[SOLVED] PJSIP Service Unavailable

david55 · February 21, 2022, 8:20pm

How fast does it return to read the next event?

jcolp · February 21, 2022, 8:22pm

I don’t know what app or part of Asterisk isn’t keeping up, I can only tell based on the name that it is for channel events. It could certainly be your usage of ARI in combination with the number of channels and what their activities are.

That’s all I’ve got.

To further elaborate on why I can’t go further - I would have to completely replicate your environment and usage patterns, and then spend days to understand precisely how you’re placing load on the system and where the bottlenecks are.

I should also add, that since one of the messages is for ARI - then presumably it would be your ARI subscription that is triggering it and thus why noone else sees it. Could be the result of your over all system usage and what is going on/usage patterns/what is producing the channel events.

jcolp · February 21, 2022, 8:27pm

To respond to myself, this may even be in combination with FreePBX - its dialplan and other things may produce a ton of events.

darrenhollick · February 21, 2022, 9:25pm

@david55 To add clarity; this stasis app registers with the server, subscribes to all channels, filters on only the ChannelHold and ChannelUnhold events.
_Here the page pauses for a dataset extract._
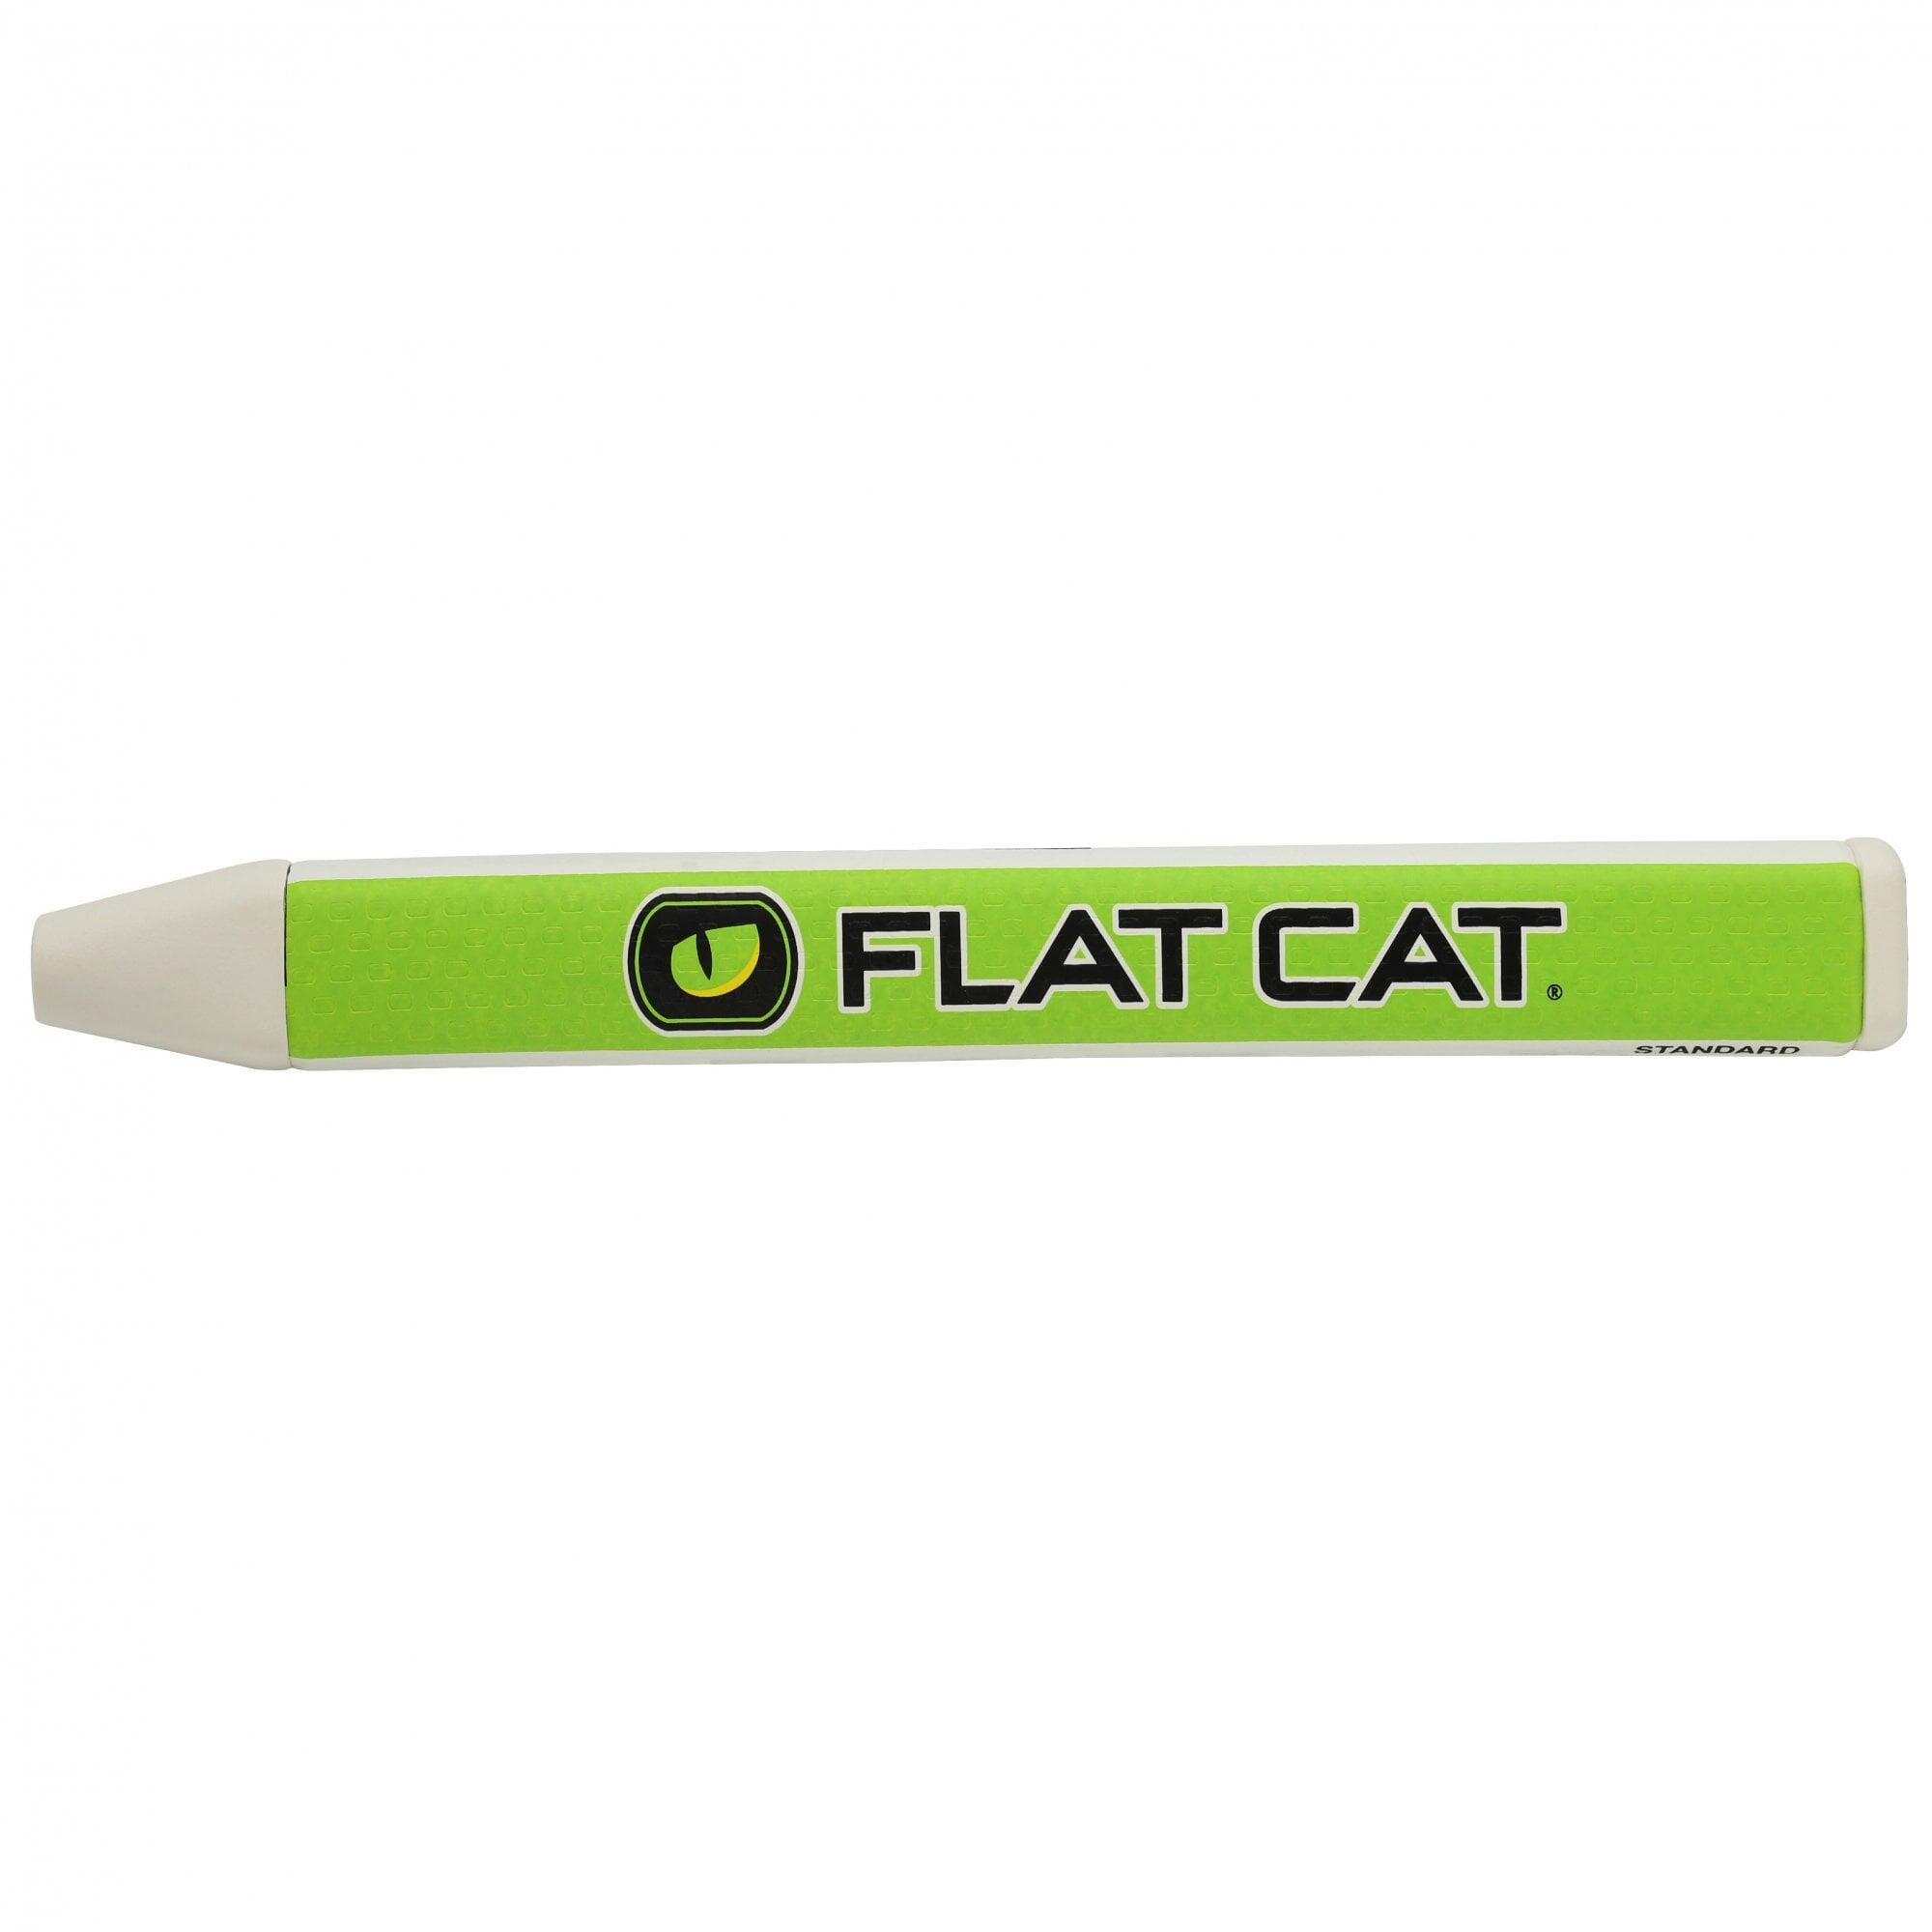 FLAT CAT Flat Cat Original  Putter Grip - Standard
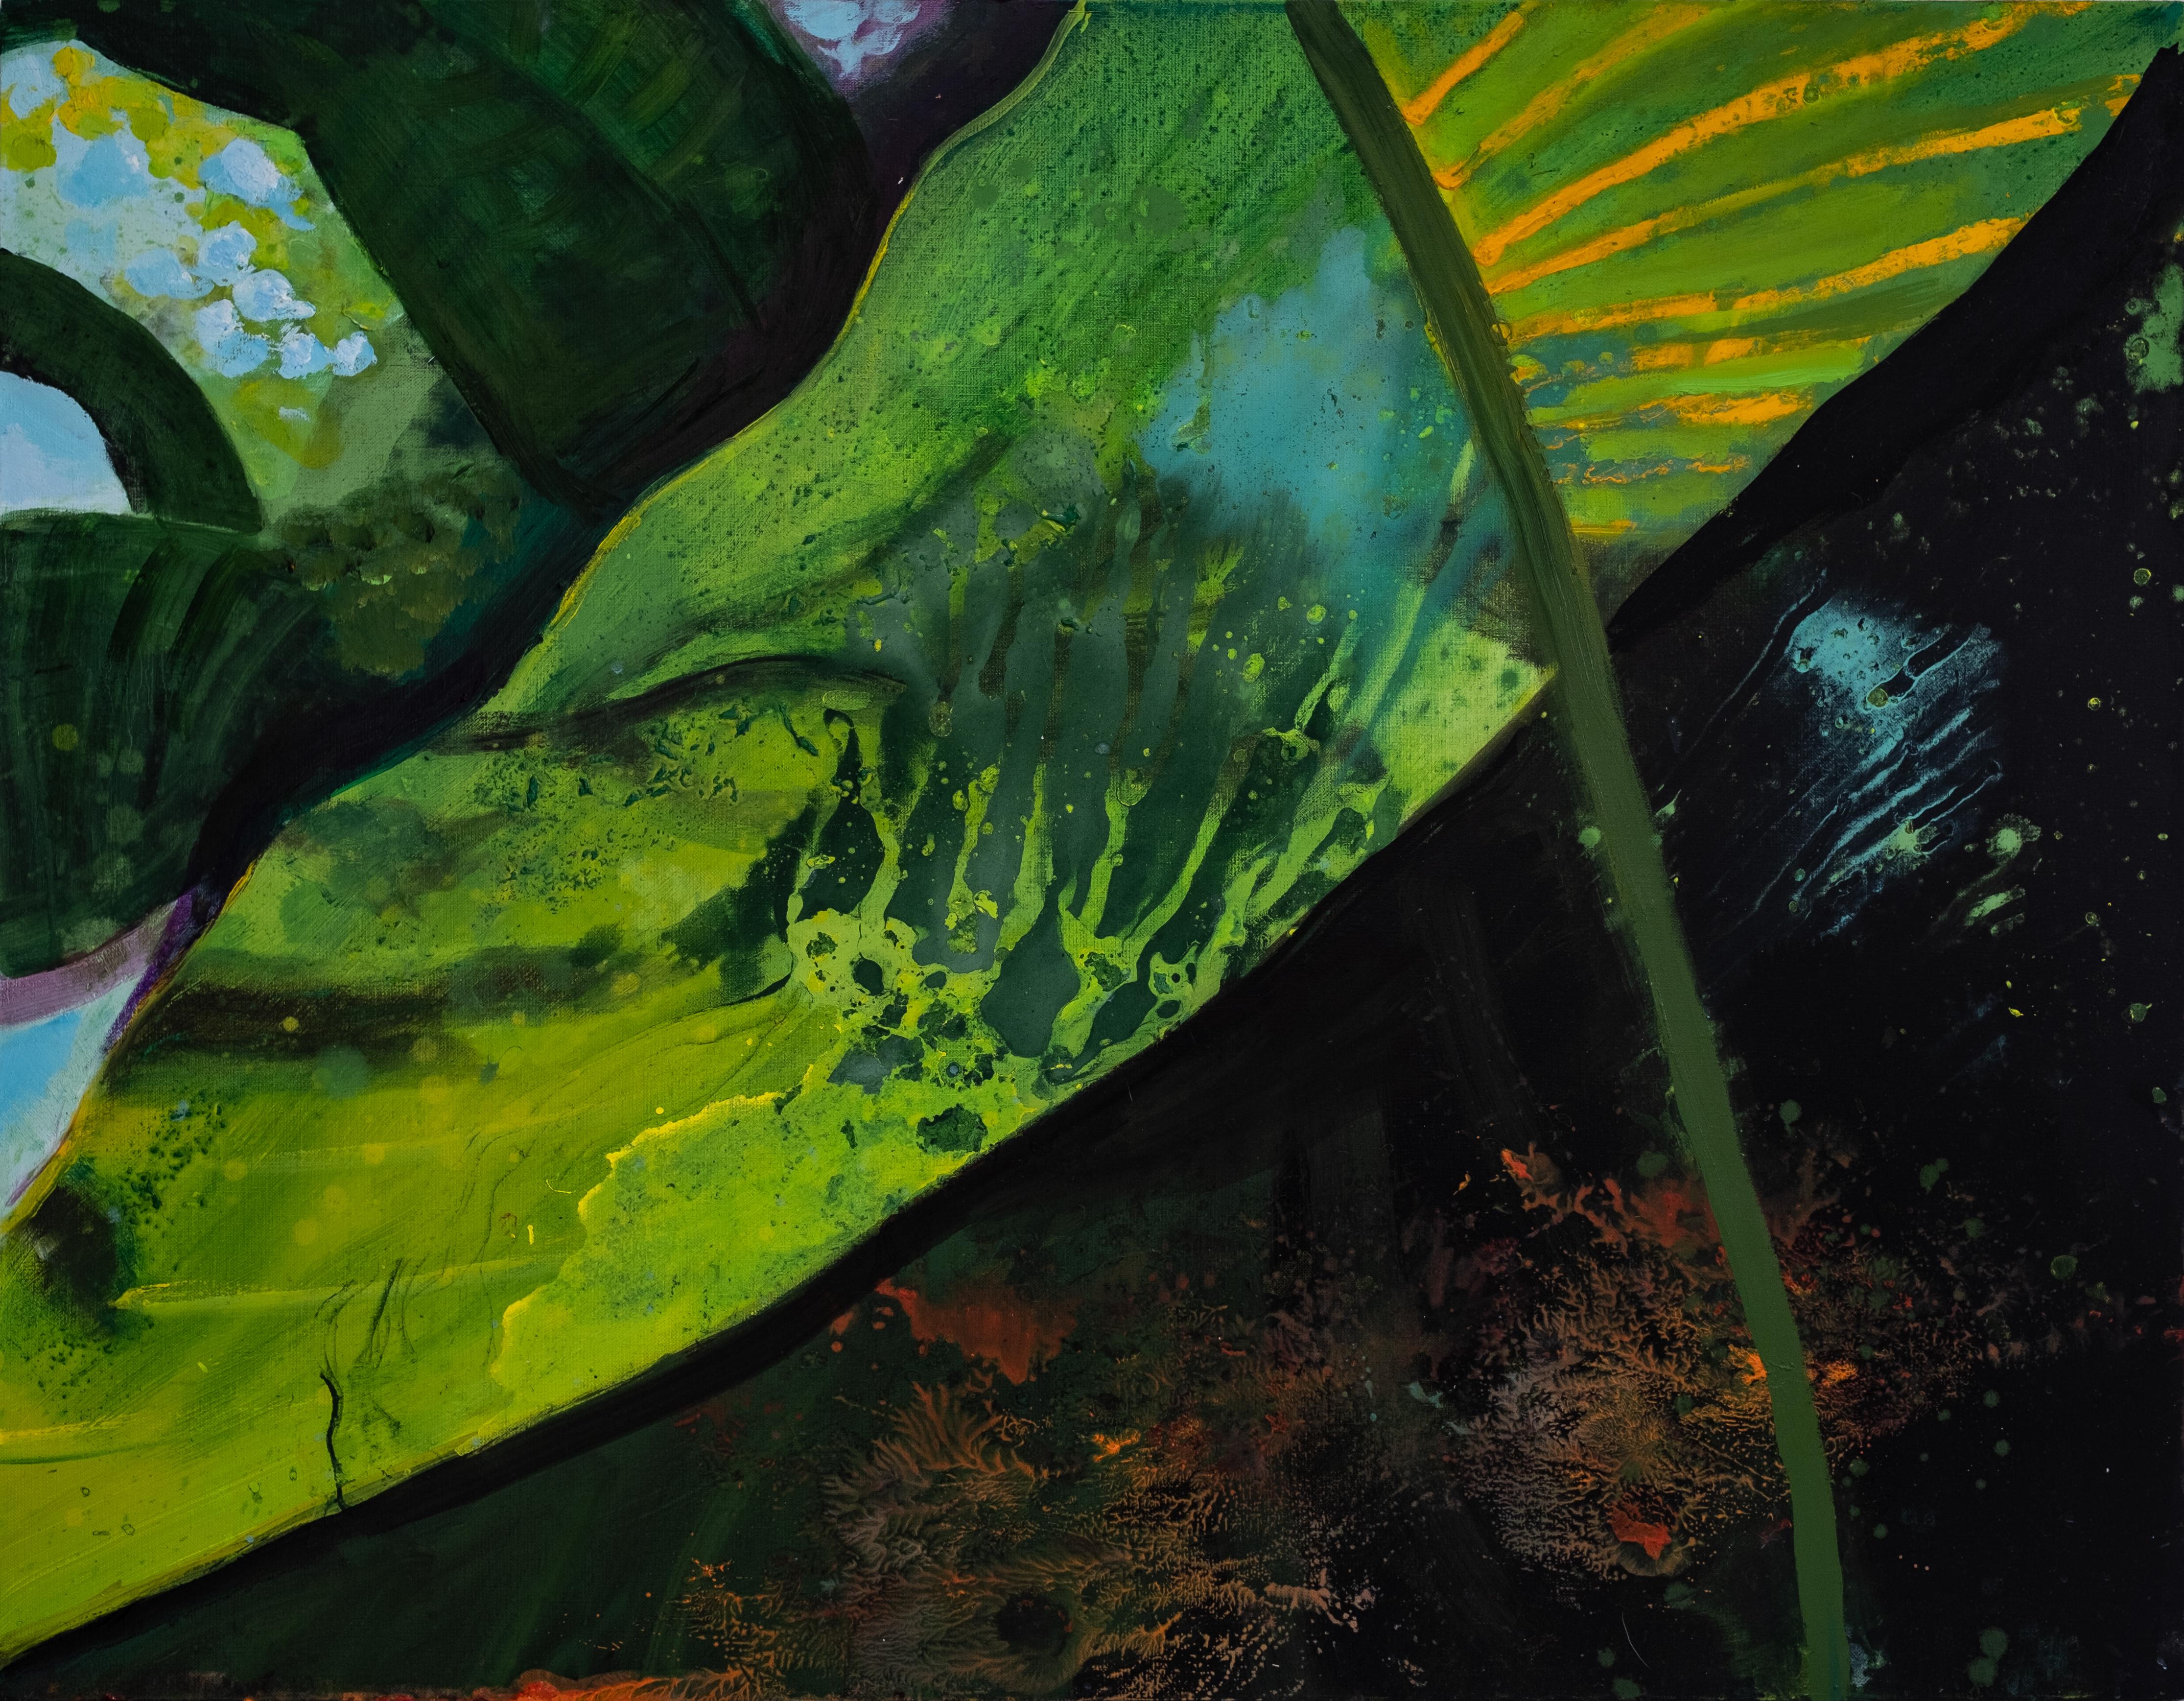 Agnieszka Zawisza Landscape Painting - Botanic Garden 2 -  Contemporary Expressive Landscape Oil Painting, Plant View

Calls are never placed into the stasis app, we’re simply monitoring for Hold and Unhold events so we can log them since they are not naturally captured in the CEL logs. So this stasis app never sends any commands back to the PBX in response to what it’s receiving. However, all that said the latency between the the PBX and ARI app is about <1ms and so I have to imagine that entire time it could possibly take for a TCP packet to go round trip with processing is <10ms. Does that answer your question?

darrenhollick · February 22, 2022, 6:33pm

New information found! So today there is a clear “stand out” in the backed up taskprocessors:

Processor                               Processed   In Queue  Max Depth  Low water High water
stasis/m:manager:core-00000007          595760      391831    391847     2700      3000

almost 400K queued tasks. No other taskprocessors have anything queued. I’m not sure if that actually refers to the AMI but operating on the theory that it did I took a look at the manager event queue with manager show eventq which revealed that there are of 30K messages in that queue. The oldest one was from this morning 1 minute after this server was rebooted. I don’t use the AMI TCP interface but I think FreePBX does. @jcolp does this new information trigger any thoughts for you that might help me? Would seeing the messages that are in the event queue be helpful? Does anyone know what the possible reasons are that messages could be “stuck” in this queue?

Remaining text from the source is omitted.